# GOAL OF THE EXERCISE
Find "19e C Eagle" in the listing below, then set down only that line and each later line, unchanged, leaving out pictures.

# DATA BLOCK
____________________

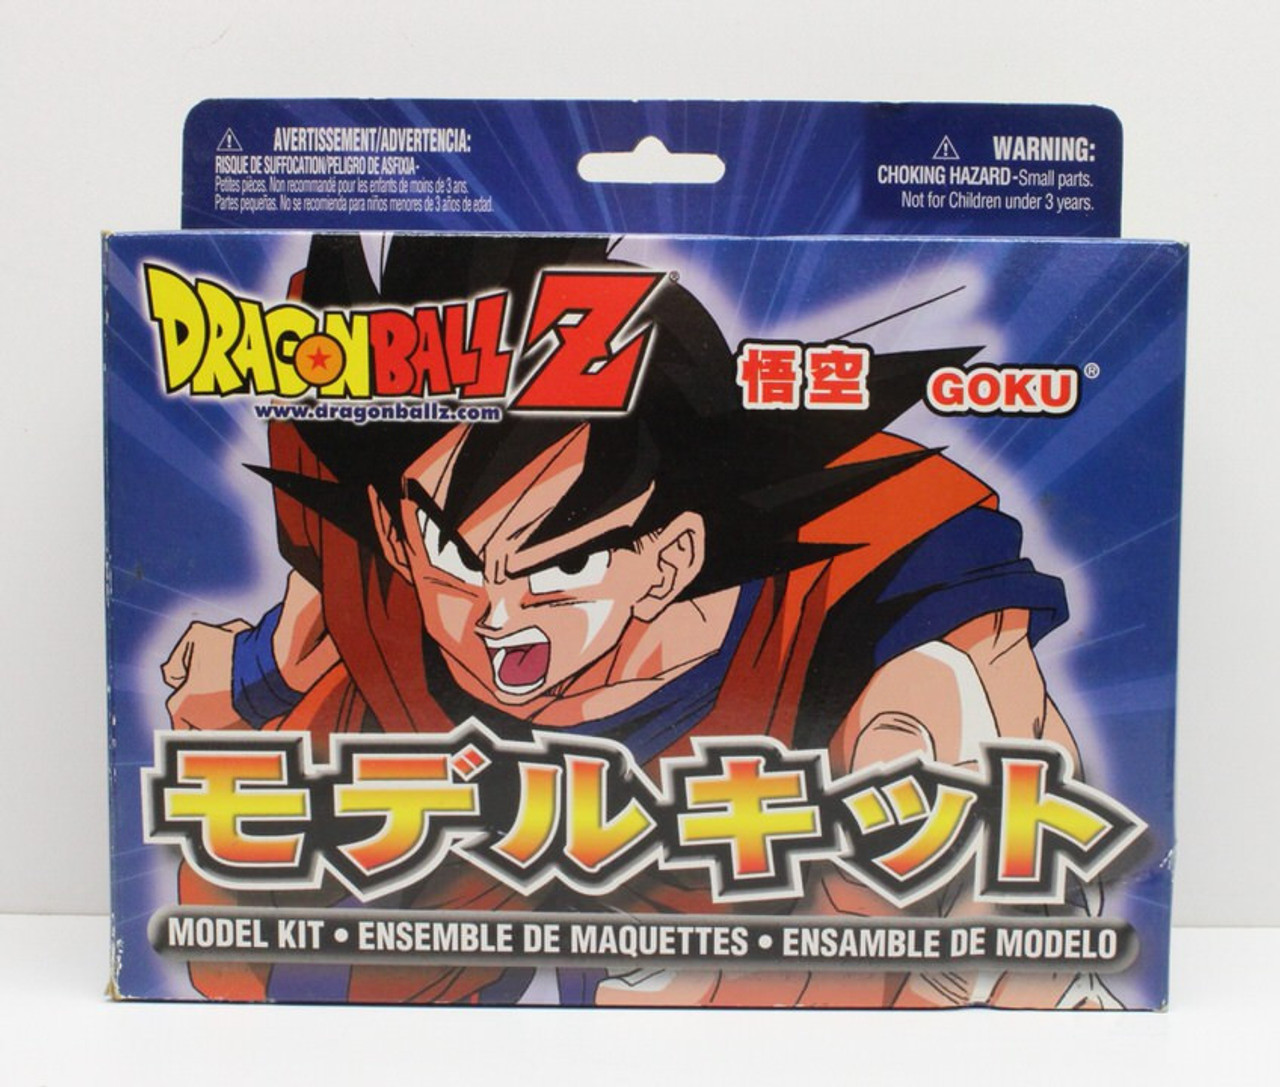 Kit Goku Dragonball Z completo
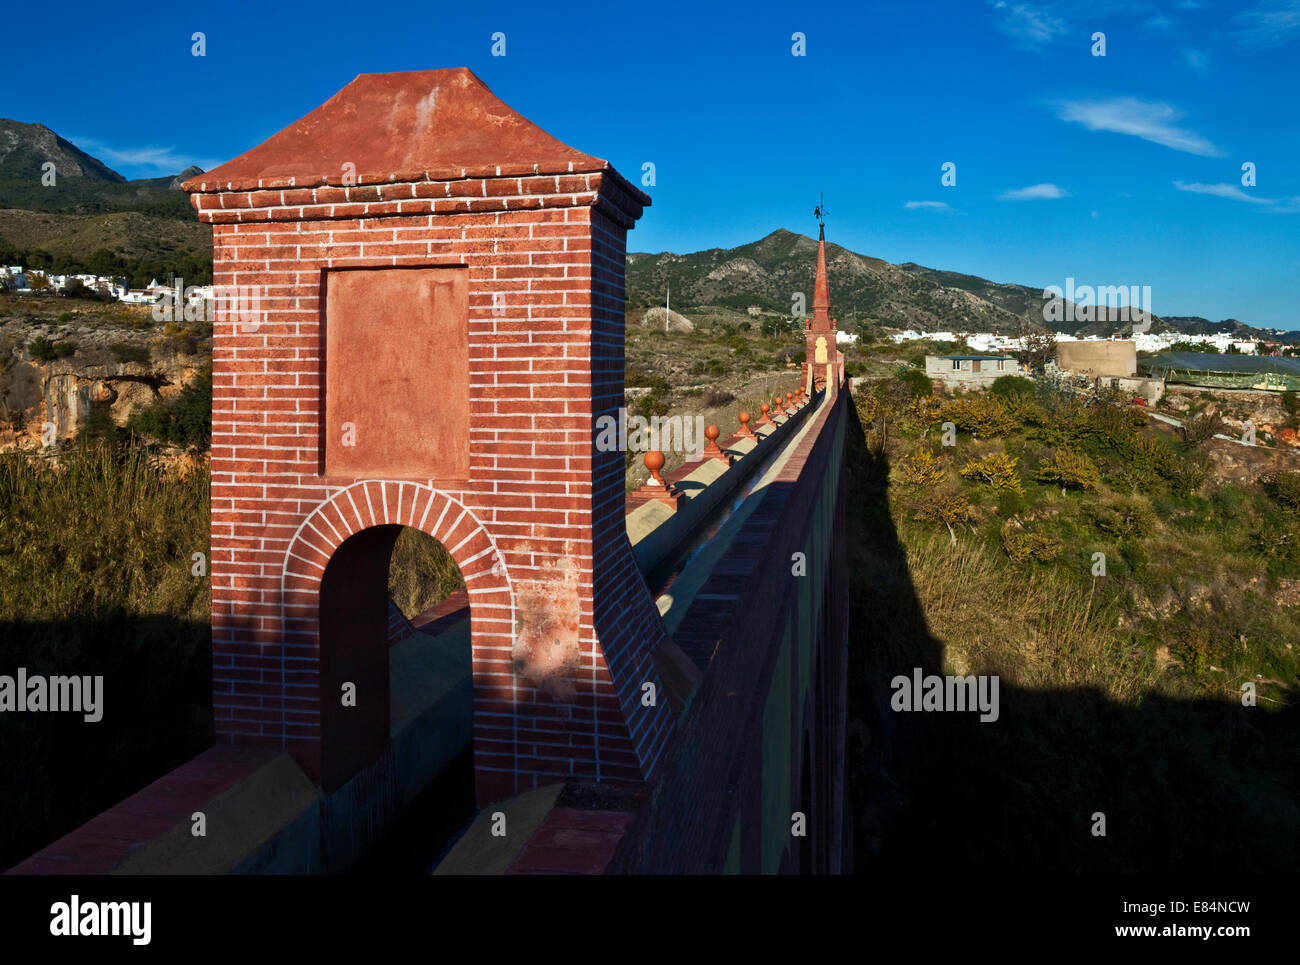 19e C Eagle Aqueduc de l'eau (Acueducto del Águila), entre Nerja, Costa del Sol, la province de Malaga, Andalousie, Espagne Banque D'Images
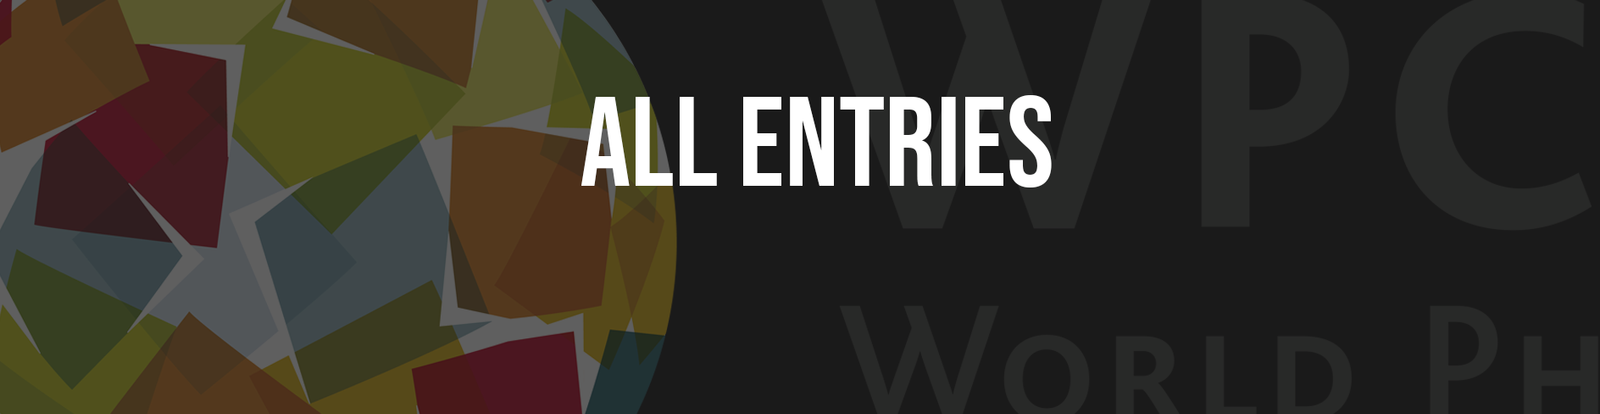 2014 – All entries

____________________

# RESULT OF THIS EXERCISE
 19e C Eagle Aqueduc de l'eau (Acueducto del Águila), entre Nerja, Costa del Sol, la province de Malaga, Andalousie, Espagne Banque D'Images
 2014 – All entries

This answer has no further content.